The second clever recognition: off-the-shelf BERT embeddings are bad for similarity. Pretrained BERT was optimized for language modeling, not for cosine geometry — it has no incentive to produce well-spaced vectors. The fine-tuning step is what turns BERT into a sentence encoder. Skipping it gives you embeddings worse than averaged GloVe.
Code
# Using sentence-transformers
from sentence_transformers import SentenceTransformer
import numpy as np
model = SentenceTransformer('BAAI/bge-large-en')
queries = ["How tall is the Eiffel Tower?", "Capital of France?"]
docs = ["The Eiffel Tower is 330m tall.", "Paris is the capital."]
q_vecs = model.encode(queries, normalize_embeddings=True) # (2, 1024)
d_vecs = model.encode(docs, normalize_embeddings=True) # (2, 1024)
# Cosine similarity matrix (since both are L2-normalized, dot = cosine)
sim = q_vecs @ d_vecs.T # (2, 2)
print(sim)
# [[0.82 0.31]
# [0.34 0.78]]Key Sources
- sentence-bert-siamese-bert-networks — the foundational paper
- colbert-late-interaction-retrieval — keeps per-token vectors, recovers cross-encoder accuracy
- bge-c-pack-general-chinese-embeddings — modern open-source SOTA
- mteb-massive-text-embedding-benchmark — the canonical evaluation
- word2vec-efficient-estimation-word-representations — the conceptual ancestor; per-word version
Related Concepts
- contrastive-learning — the loss used to train sentence embeddings
- bi-encoder — the architecture pattern
- semantic-similarity — the canonical task
- multimodal-embeddings — the cross-modal generalization (CLIP, SigLIP)

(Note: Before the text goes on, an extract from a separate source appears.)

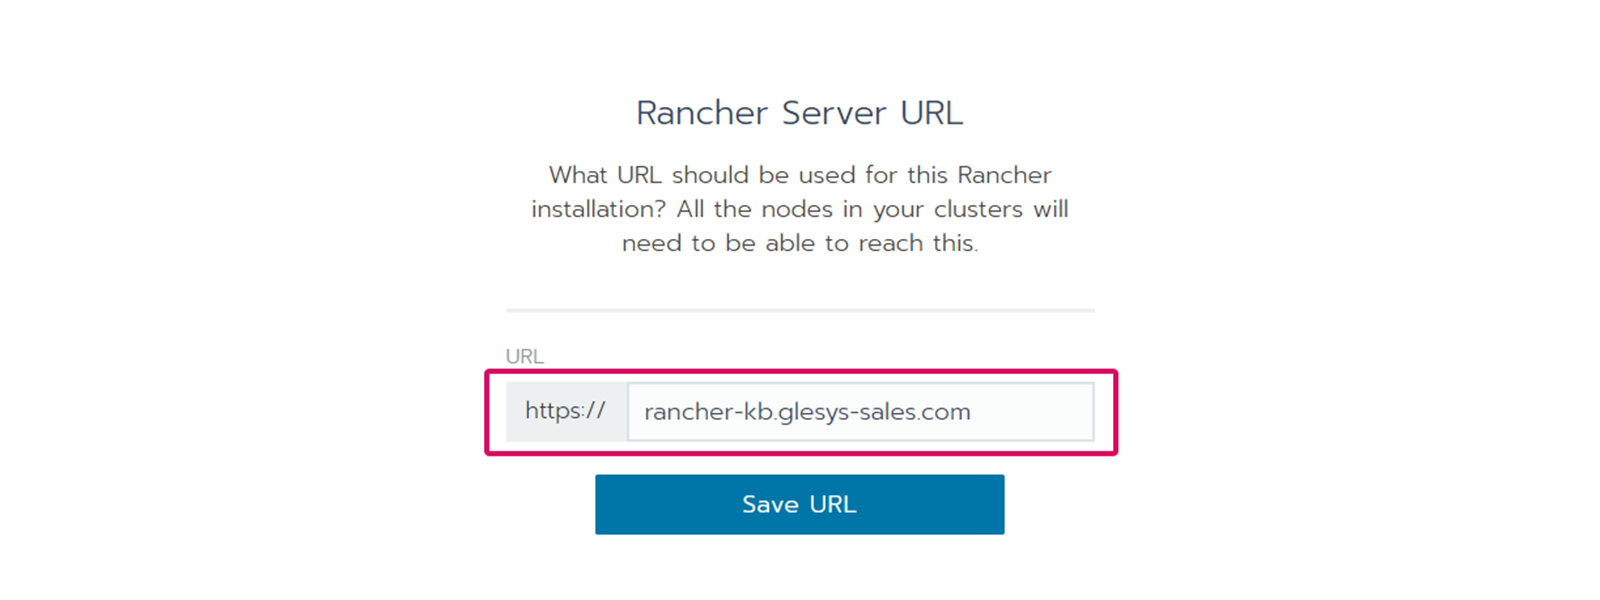 Bekräfta din URL i Rancher

- word-embeddings — sentence embeddings extend the idea from words
Open Questions
- Long-context: most sentence encoders cap at 512 tokens. How to embed a 100-page document well is still open.
- Asymmetric encoders: should queries and passages use different encoders or different prompts? Modern E5 uses different prompts; some research suggests separate encoders are better but more expensive.
- Distillation: how small can a sentence encoder get while preserving MTEB performance? MiniLM-L6 (22M params) is the current Pareto frontier for speed.
- Multilingual scaling: does training on 100 languages improve or hurt high-resource performance? BGE-m3 suggests it slightly helps with careful curation.